The prevalence of beer advertising aimed at college students, she argues,
creates "the impression that everyone is drinking all the time," and leads
some students to assume that if they are not drinking alcoholic beverages,
they are missing an important part of collegiate social life.
But Jason Giebel, a junior majoring in advertising at the University of
Minnesota, disagrees. "At our age, we don't get intrigued to try everything
we see," he says. "Just seeing a sign for a beer is not going to make you
want to take a drink."
In 1989, Richard D. Schultz, who was then executive director of the
N.C.A.A., met stiff resistance, both from within the association and
without, when he attempted to reduce the visibility of alcohol advertising
in college athletics.
"The beer companies were major advertisers for some of our members, and we
got a lot of pressure from breweries other than those that sponsored the
telecasts," says Mr. Schultz, who is now president of the U.S. Olympic
Committee.
He succeeded in persuading the membership and the television networks to
lower the proportion of beer-and-wine advertising to one minute per hour on
telecasts of N.C.A.A. championships; restricting the space devoted to beer
and wine in the programs and scorecards for N.C.A.A. championships to 14
per cent; and prohibiting beer companies from sponsoring championships.
"That was as far as we could go," he says, "because of the networks.
"They had concerns about their contracts with advertisers, and their sales,
and certain First Amendment rights that they believed everybody had."
CBS did not respond to telephone calls. Ronnie Faust, director of corporate
communications at ESPN, which also televises N.C.A.A. championships, says
the network does not "divulge financial figures."
Mr. Schultz left the N.C.A.A. in 1993, and the issue has not been pursued
by his successor, Cedric W. Dempsey.
The restrictions have had little impact on the amount of alcohol
advertising on college-sports broadcasts, because the rights to
regular-season games are controlled not by the N.C.A.A., but by individual
conferences, most of which have no restrictions on such advertising.
Because the beer industry is perhaps the biggest commercial supporter of
college athletics, the development of restrictions is unlikely, says Joel
Nielsen, associate athletics director at Wake Forest University.
"For the networks to turn them away, that would be cutting their own
throats," he says. "And for the conferences to request it would be
shortsighted. Your rights fees would go way down."

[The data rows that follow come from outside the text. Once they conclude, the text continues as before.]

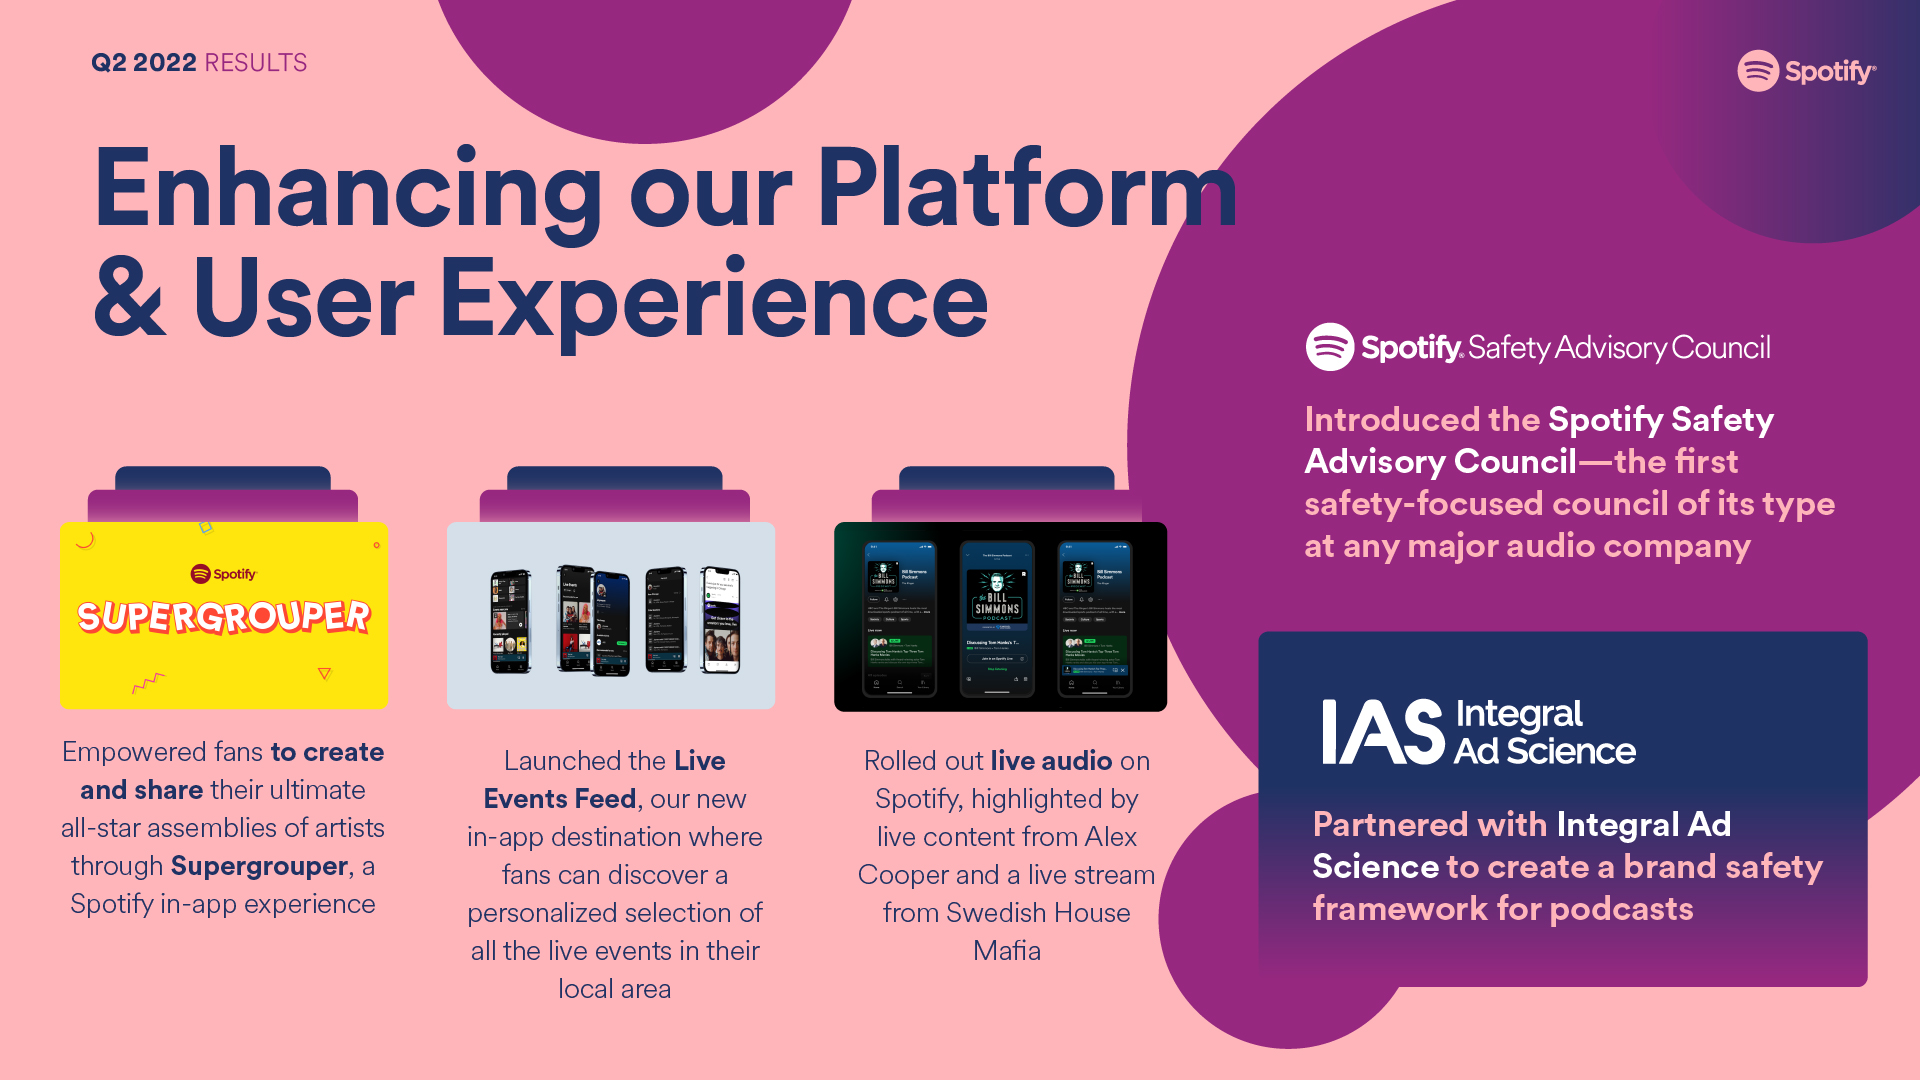 Spotify Enhancing our Platform & User Experience
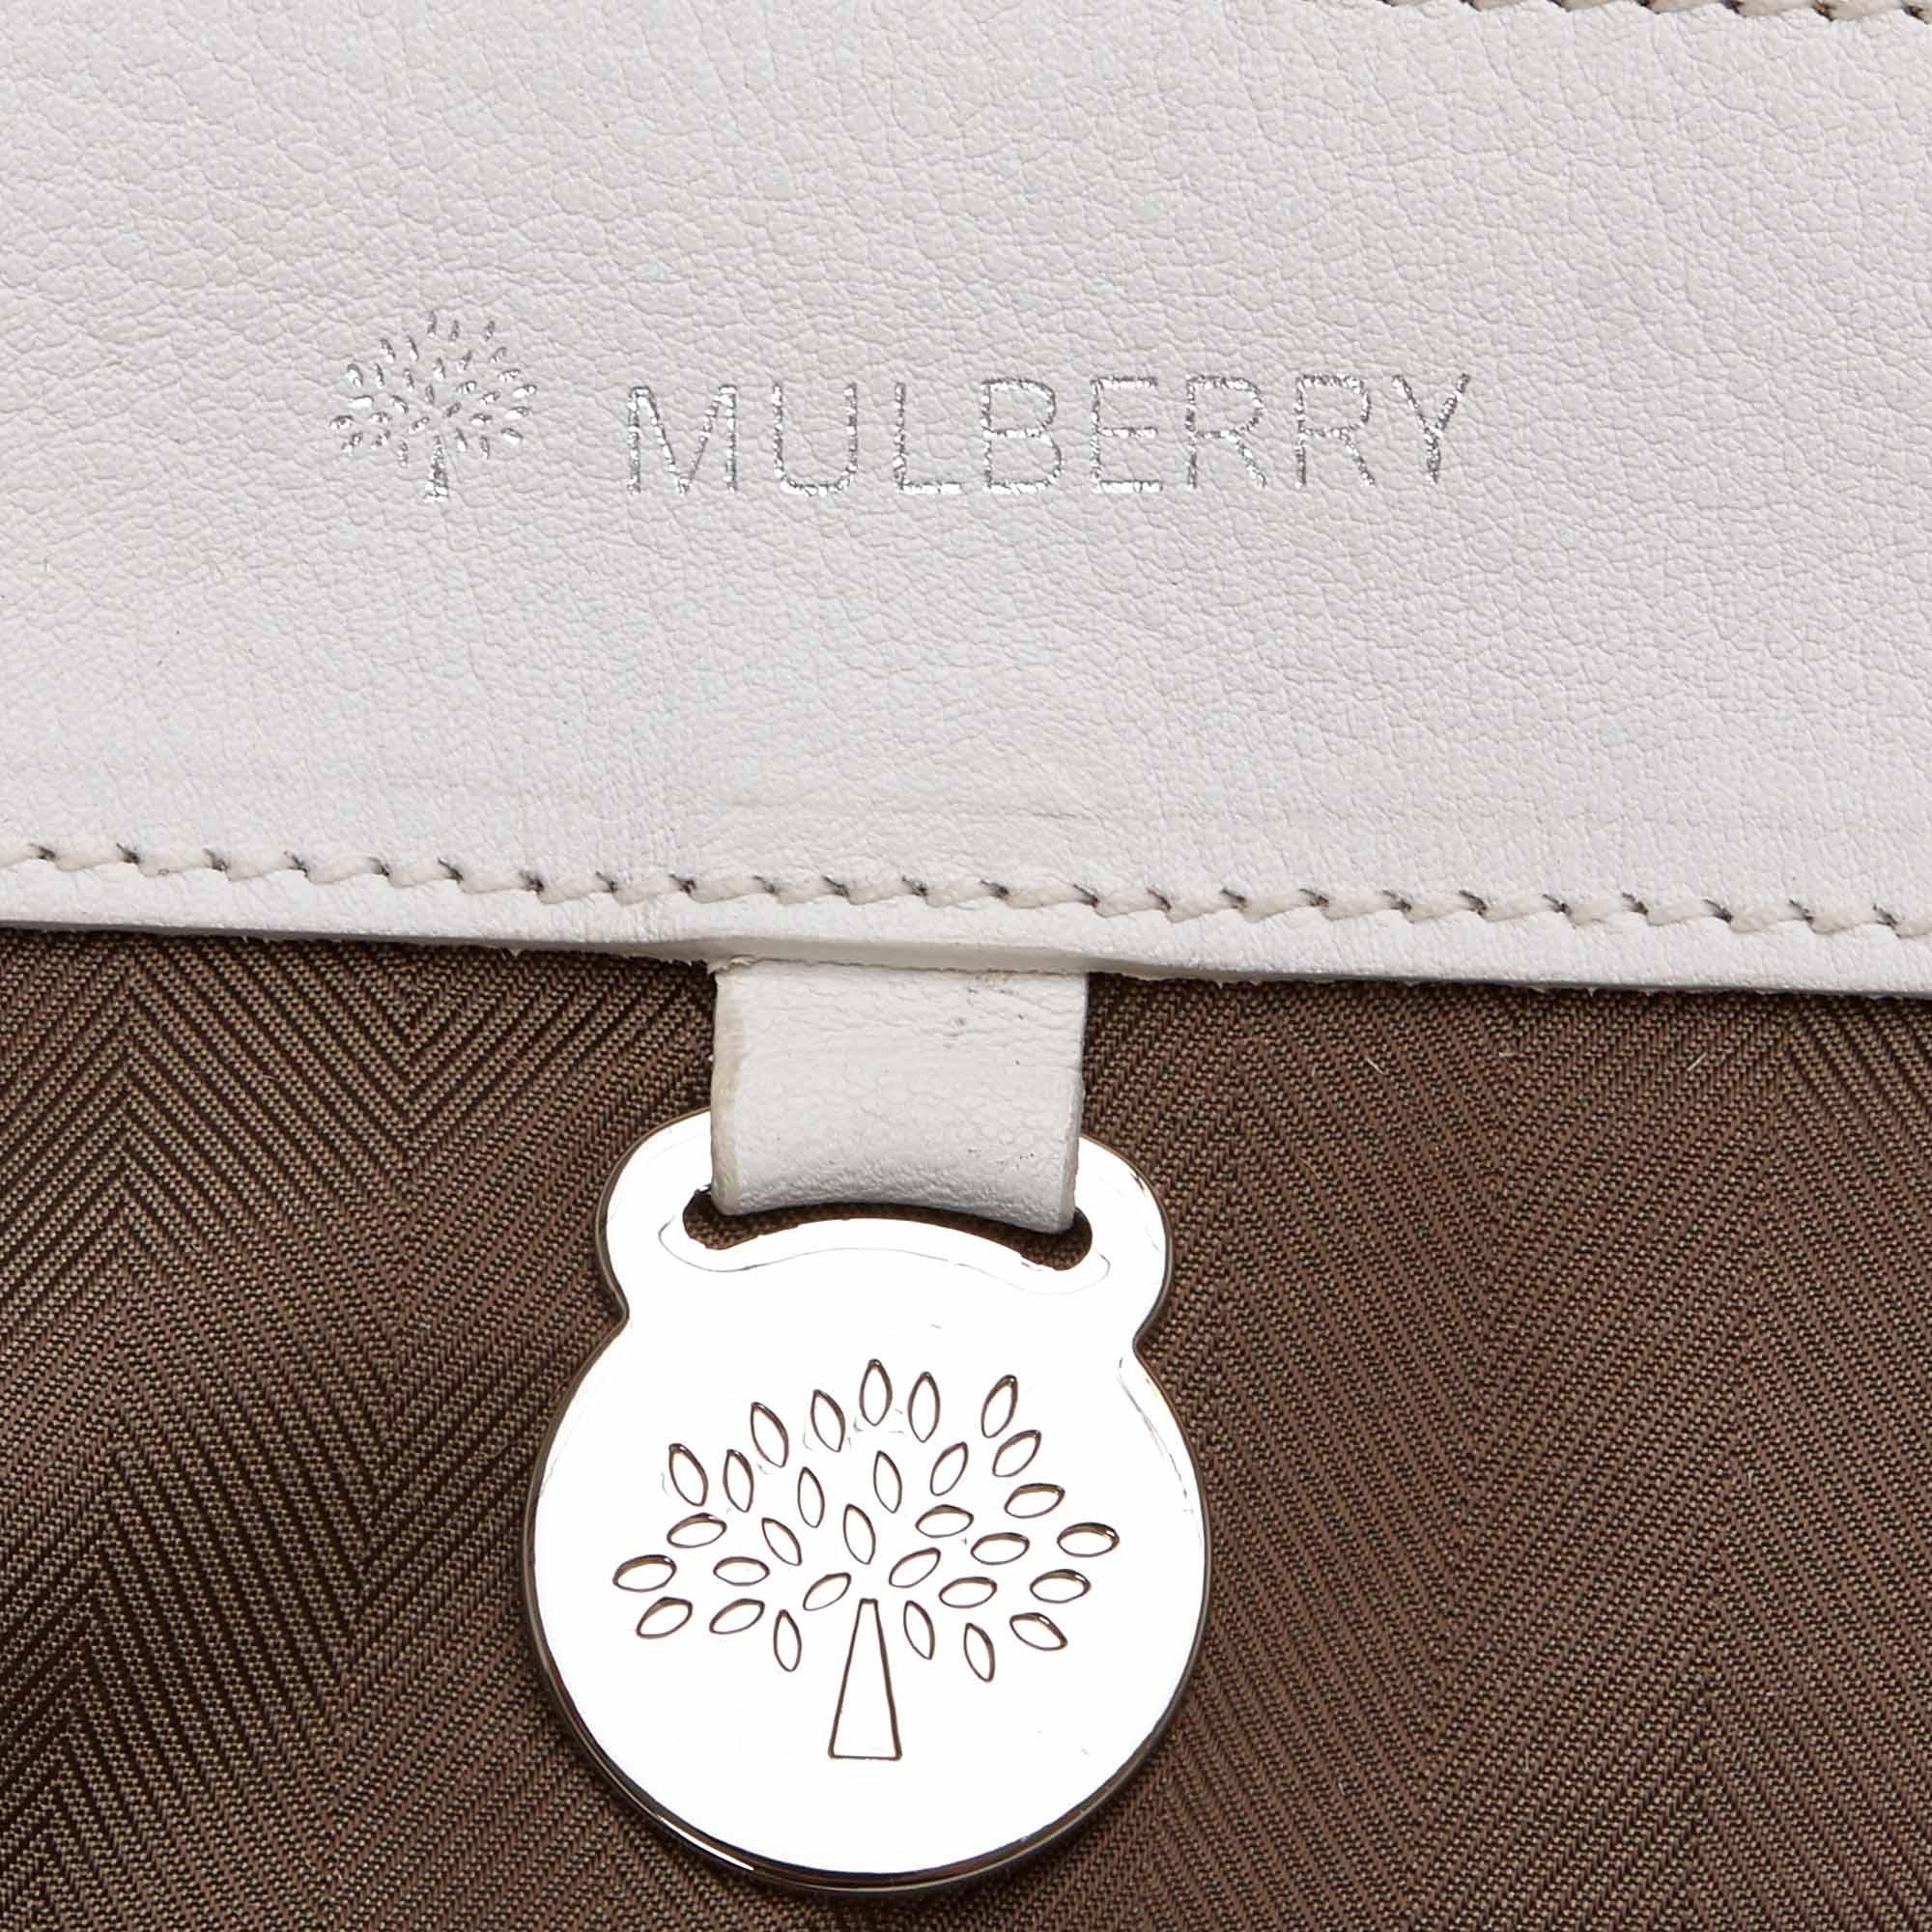 Beige Vintage Authentic Mulberry Leather Bayswater w Dust Bag Padlock Key LARGE 
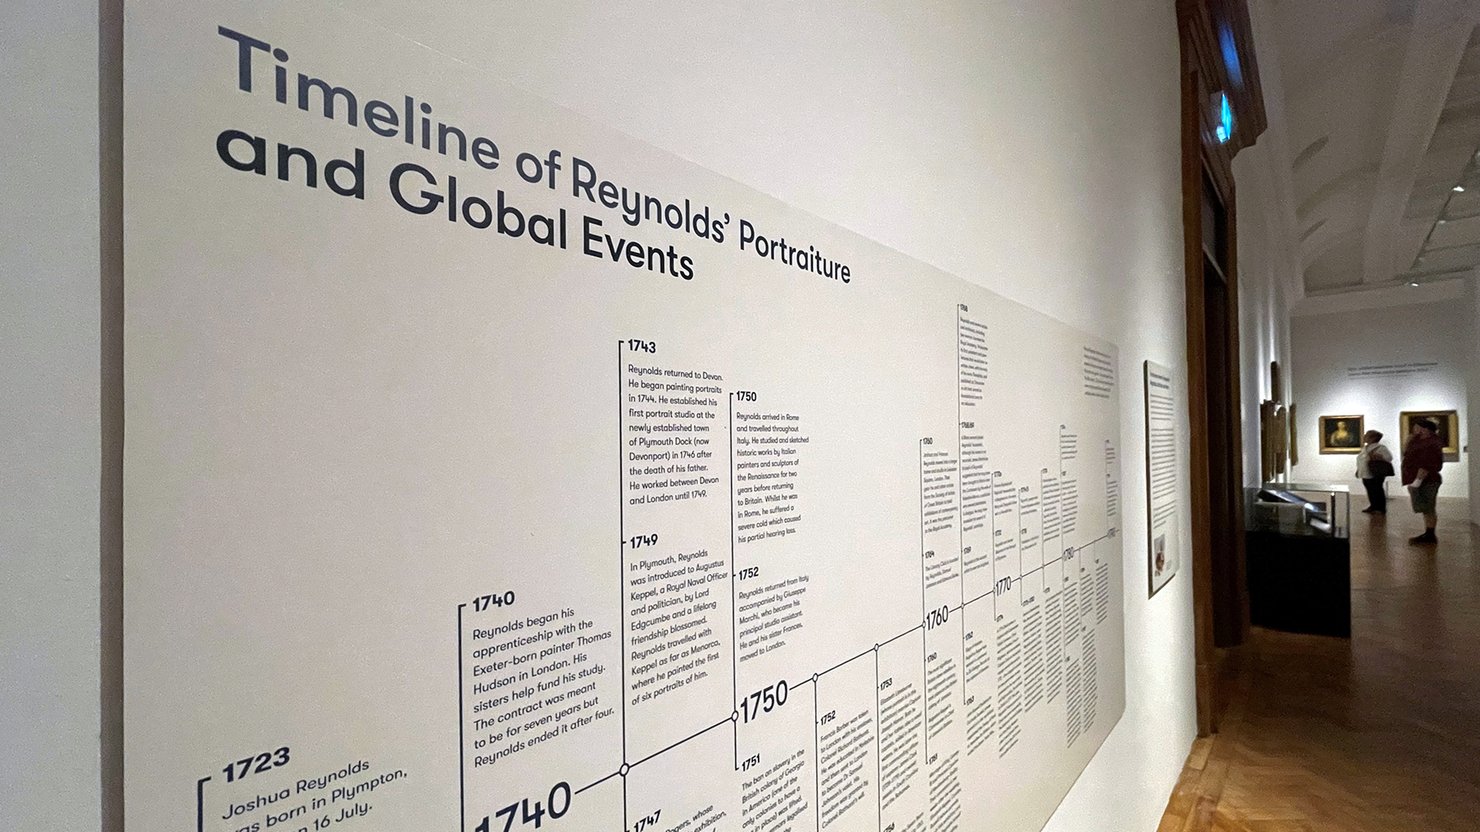 Graphic in an exhibition showing a timeline of events connected to Sir Joshua Reynolds
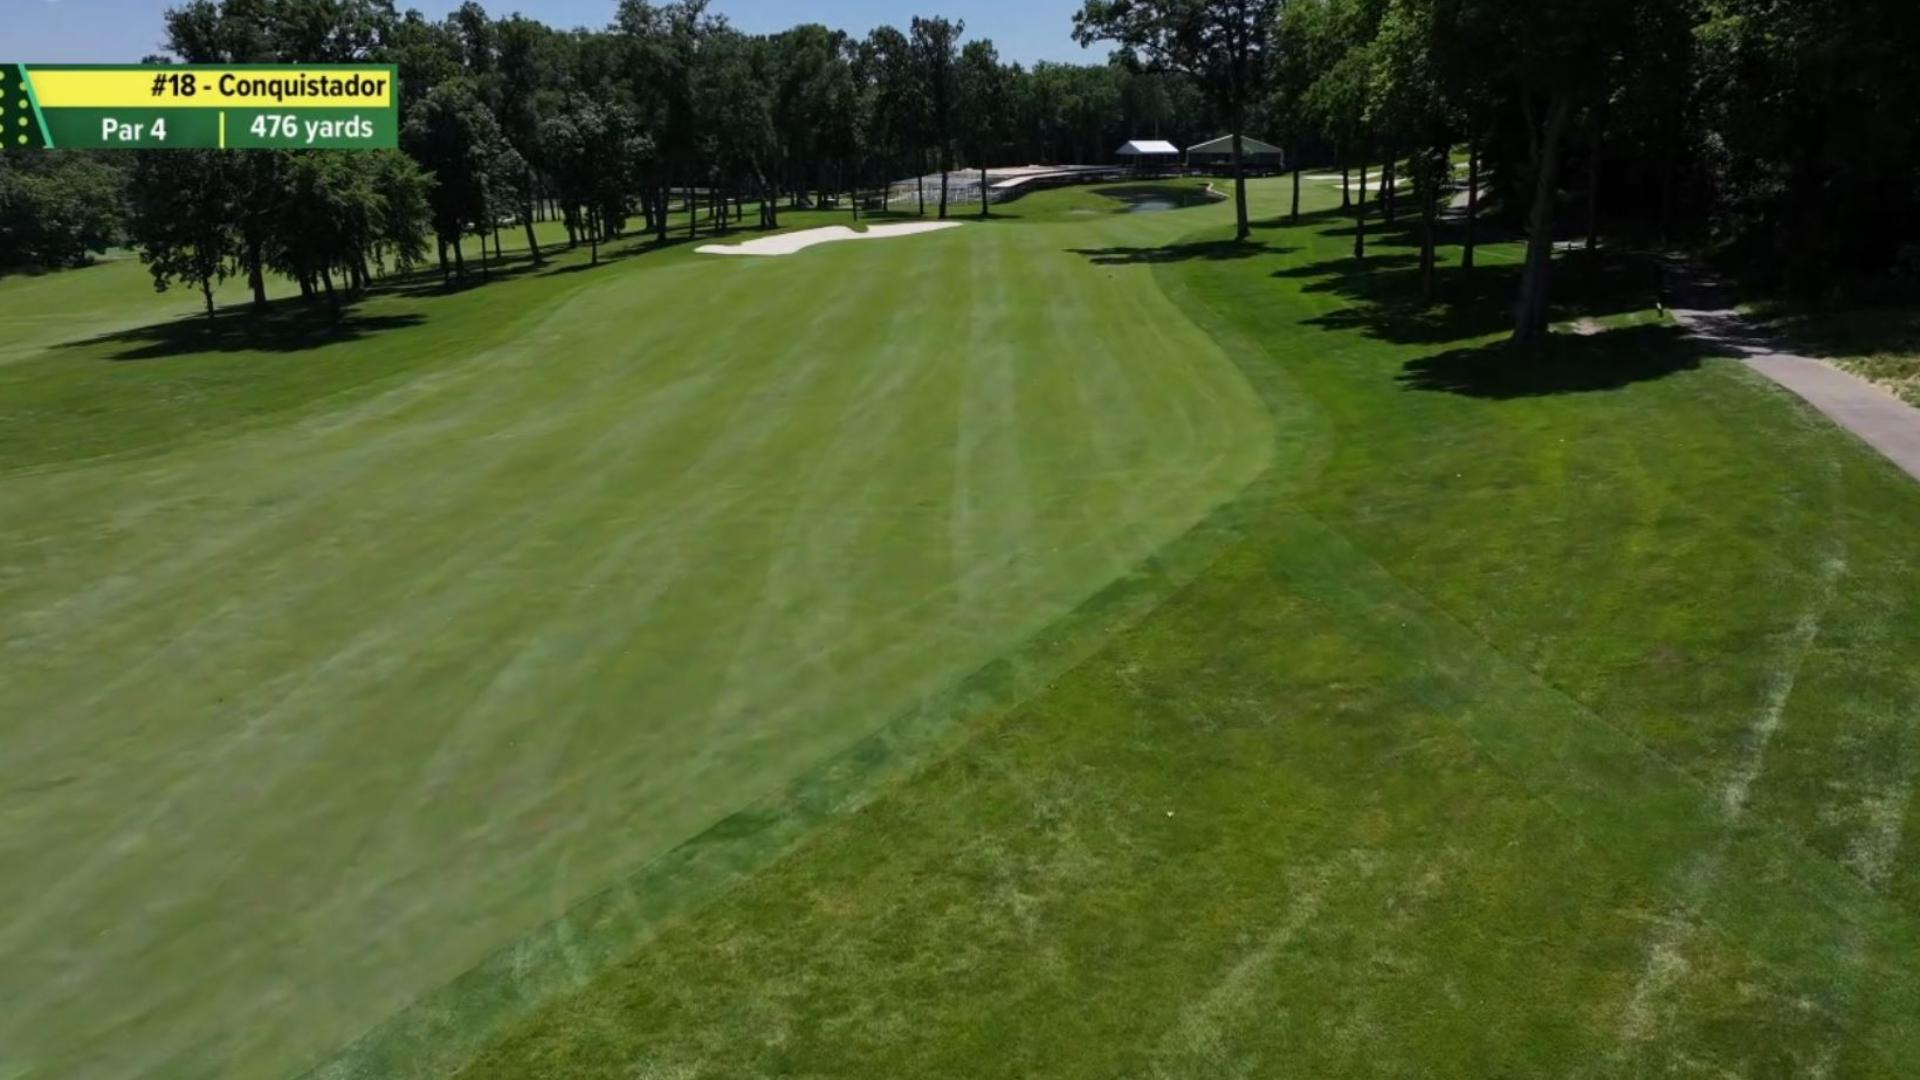 It's time for the John Deere Classic! Over the past 18 days, News 8 has given a birds-eye view of each hole at TPC Deere Run. Here's the final one.

Without some kind of collective action, however, Ms. Lenox of Stanford says
it will be difficult for individual institutions to break "this link that
has been established through the years between sports -- collegiate and
professional -- and beer."
A bill sponsored by U.S. Representative Joseph P. Kennedy II, a
Massachusetts Democrat, would restrict the content of alcohol advertising
between 7 a.m. and 10 p.m. Its aim is to minimize children's exposure to
cartoon-like advertising characters such as the Bud-Light penguin and the
Budweiser frogs. The measure is currently before the House Commerce
Committee, and an aide to the Congressman says its prospects are "not
particularly bright."
Nor is the issue on the N.C.A.A.'s agenda. "I find it hard to imagine that
our membership would begin to develop legislation that on a national basis
would restrict the members in their relationship with advertisers," says
Mr. Renfro of the N.C.A.A.
That pleases Mr. Becker, of the Beer Institute. "If you had to choose the
best audience in the world for a beer advertiser, it is 21-to-34-year-old
men who participate in sports and are avid sports fans," he says.
The fit with the college-football audience, he says, is "hand in glove."